▶ [GIVEN INFORMATION]:
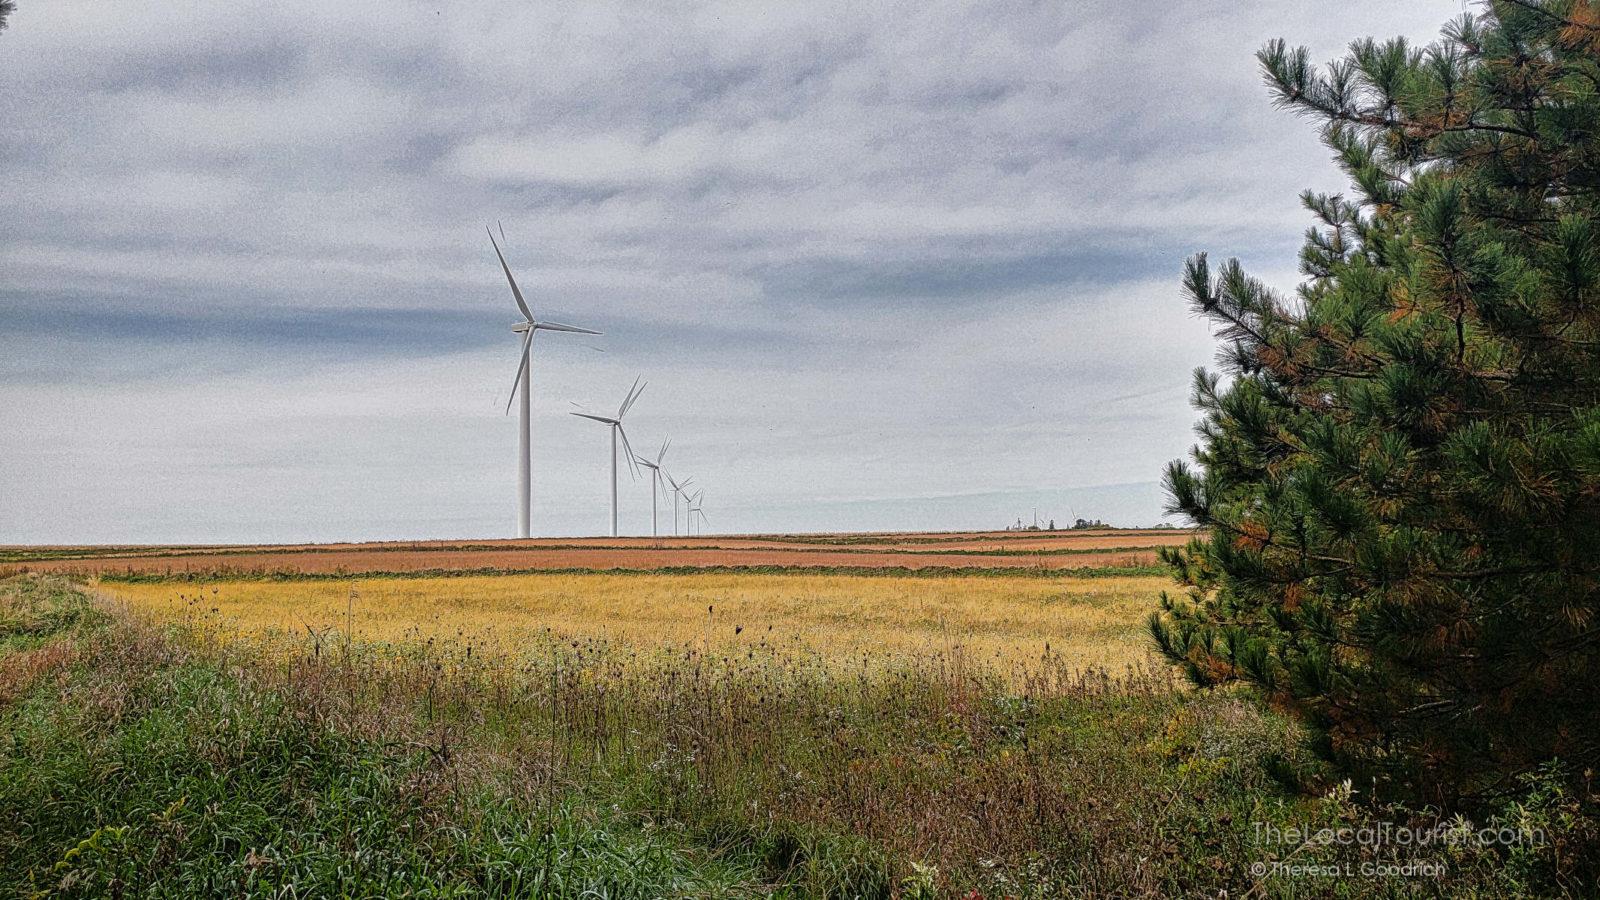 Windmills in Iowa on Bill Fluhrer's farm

* * *

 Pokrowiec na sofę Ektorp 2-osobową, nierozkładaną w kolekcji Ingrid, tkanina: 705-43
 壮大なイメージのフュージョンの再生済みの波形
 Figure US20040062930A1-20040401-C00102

▶ [DIRECTIONS]: When you reach the line in the material above that holds "Pokrowiec na sofę", begin reproducing lines exactly, and stop after the line that holds "Figure US20040062930A1-20040401-C00102".

▶ [ANSWER SECTION]:
 Pokrowiec na sofę Ektorp 2-osobową, nierozkładaną w kolekcji Ingrid, tkanina: 705-43
 壮大なイメージのフュージョンの再生済みの波形
 Figure US20040062930A1-20040401-C00102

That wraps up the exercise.